→ **REQUIREMENT**
What is needed is the full listing written out exactly, minus the pictures.

→ **SOURCE DATA**
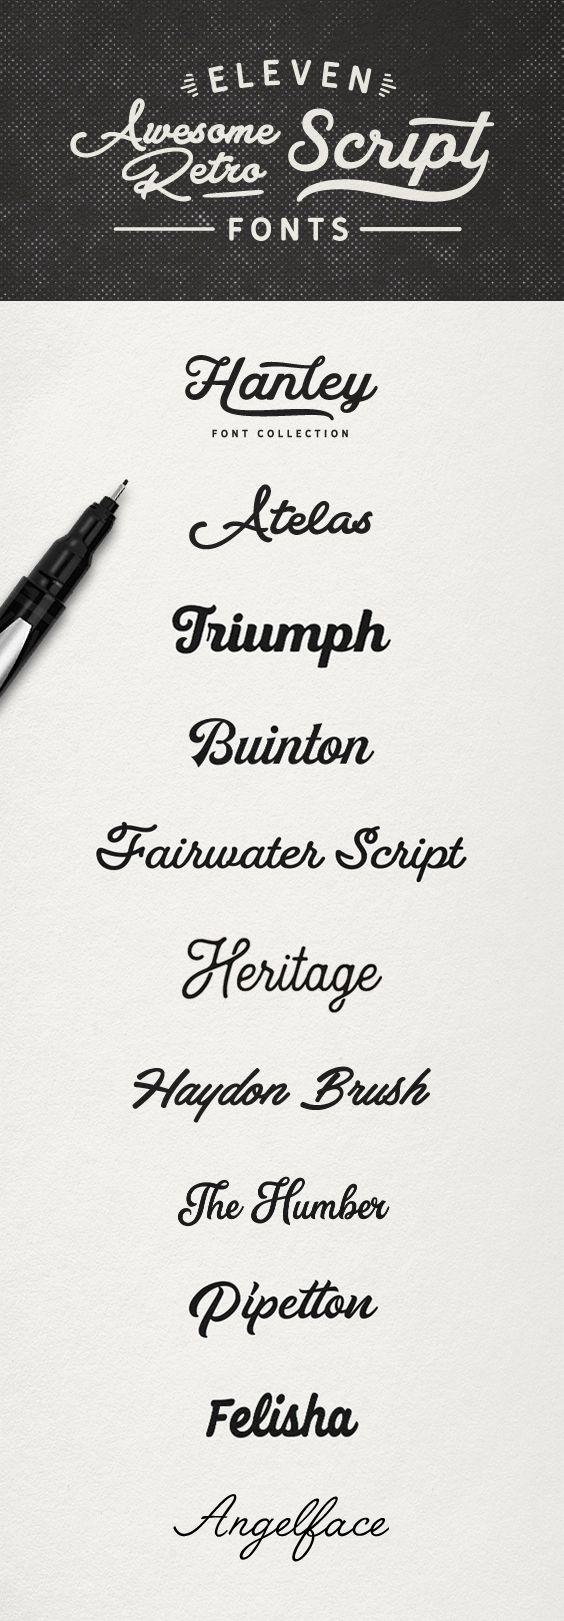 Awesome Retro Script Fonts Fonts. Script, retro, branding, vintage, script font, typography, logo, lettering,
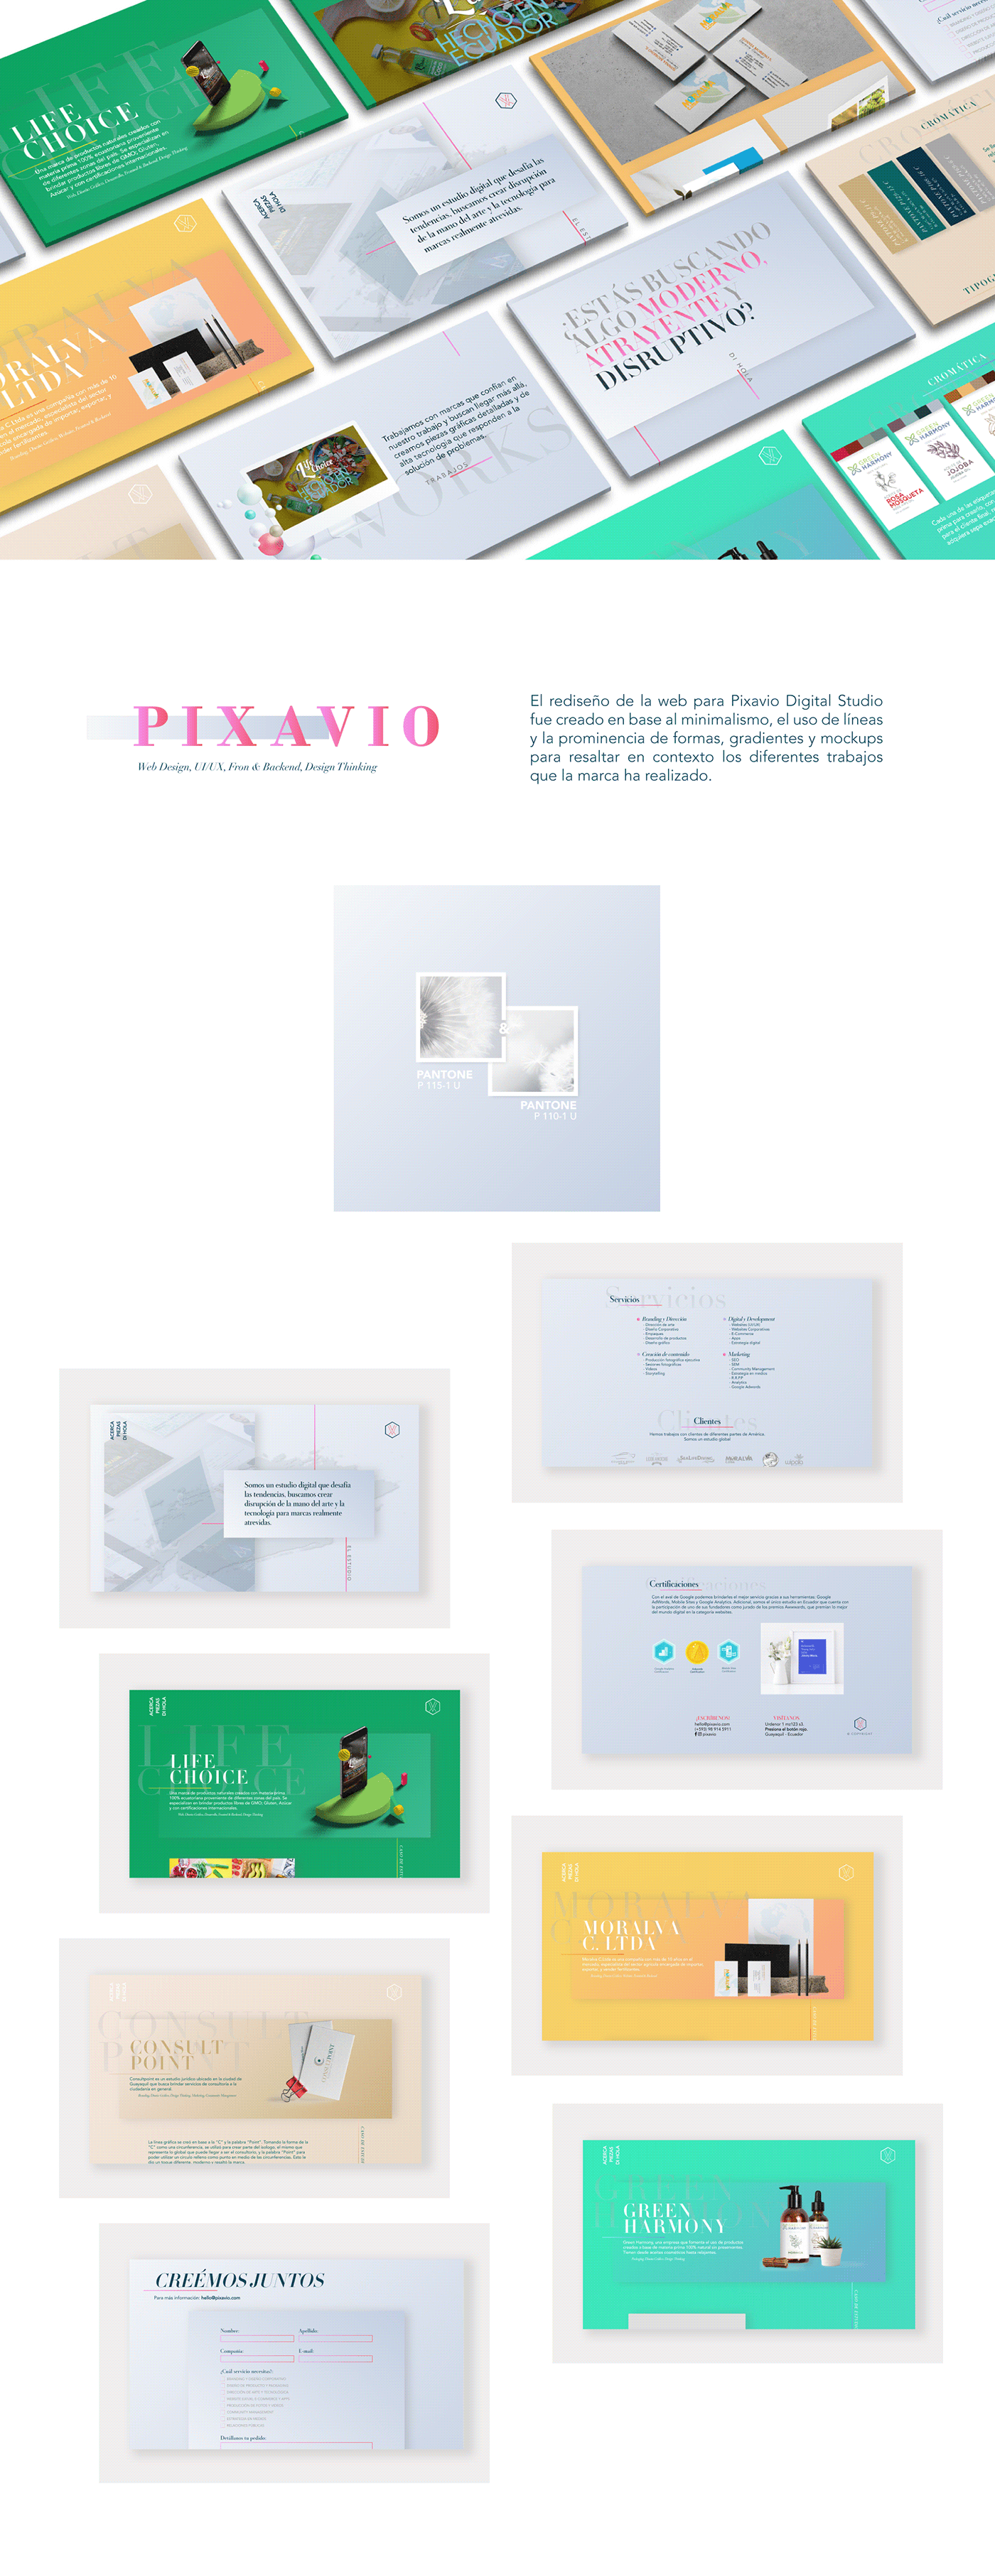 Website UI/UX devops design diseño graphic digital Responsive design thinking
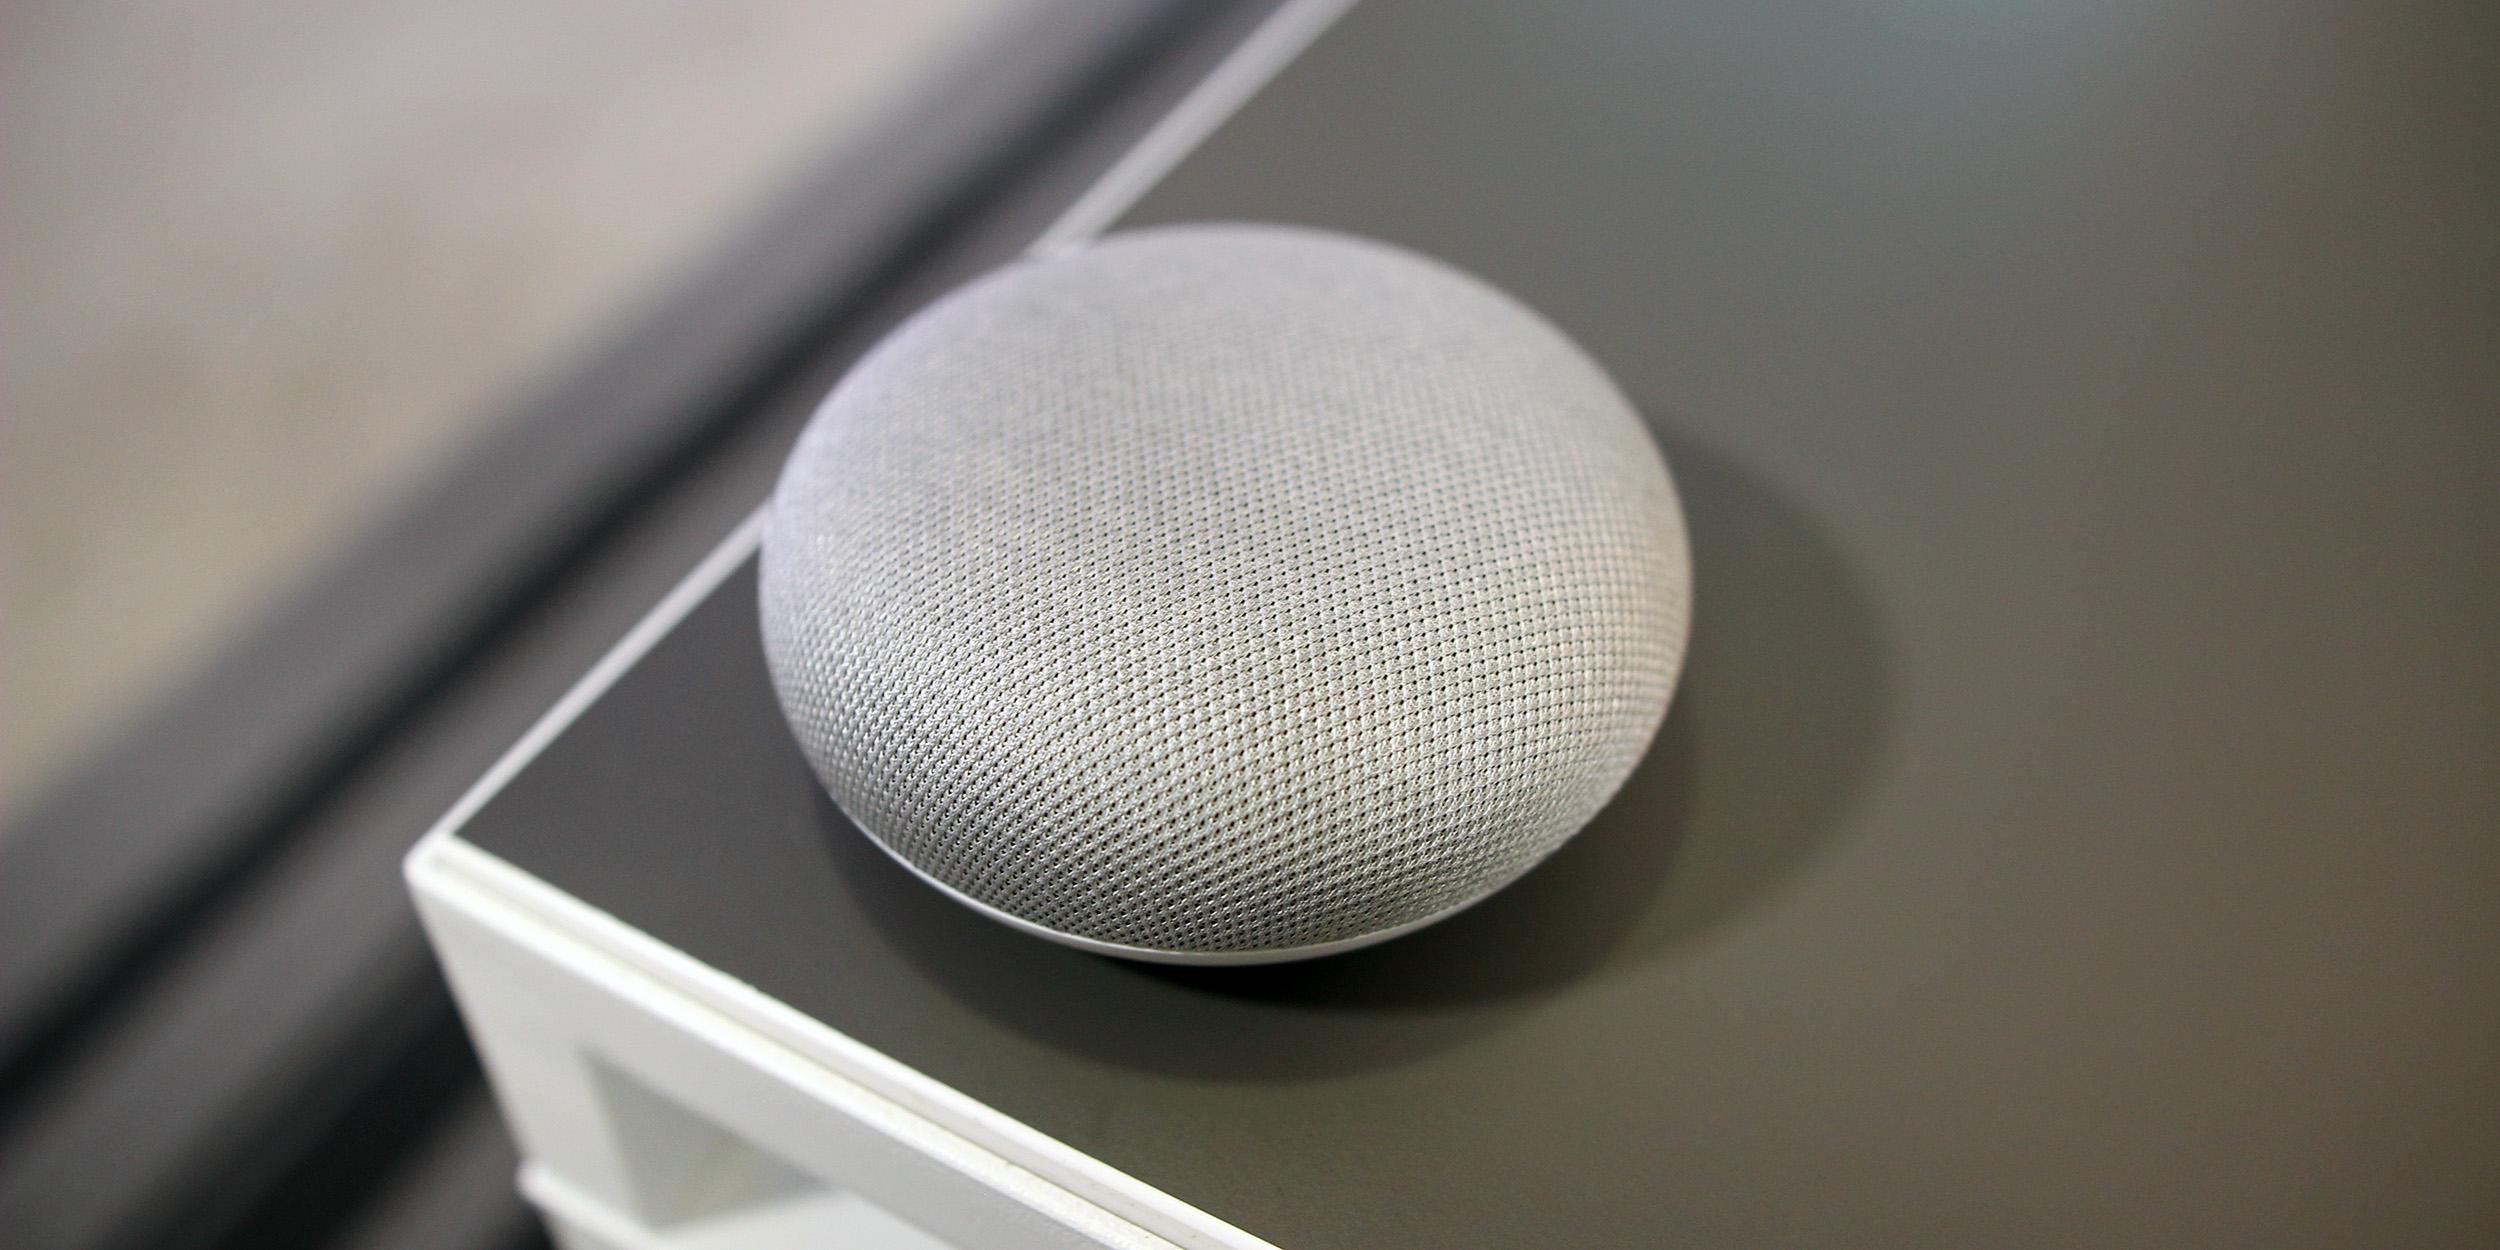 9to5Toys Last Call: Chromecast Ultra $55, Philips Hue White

→ **RESPONSE AREA**
 Awesome Retro Script Fonts Fonts. Script, retro, branding, vintage, script font, typography, logo, lettering,
 Website UI/UX devops design diseño graphic digital Responsive design thinking
 9to5Toys Last Call: Chromecast Ultra $55, Philips Hue White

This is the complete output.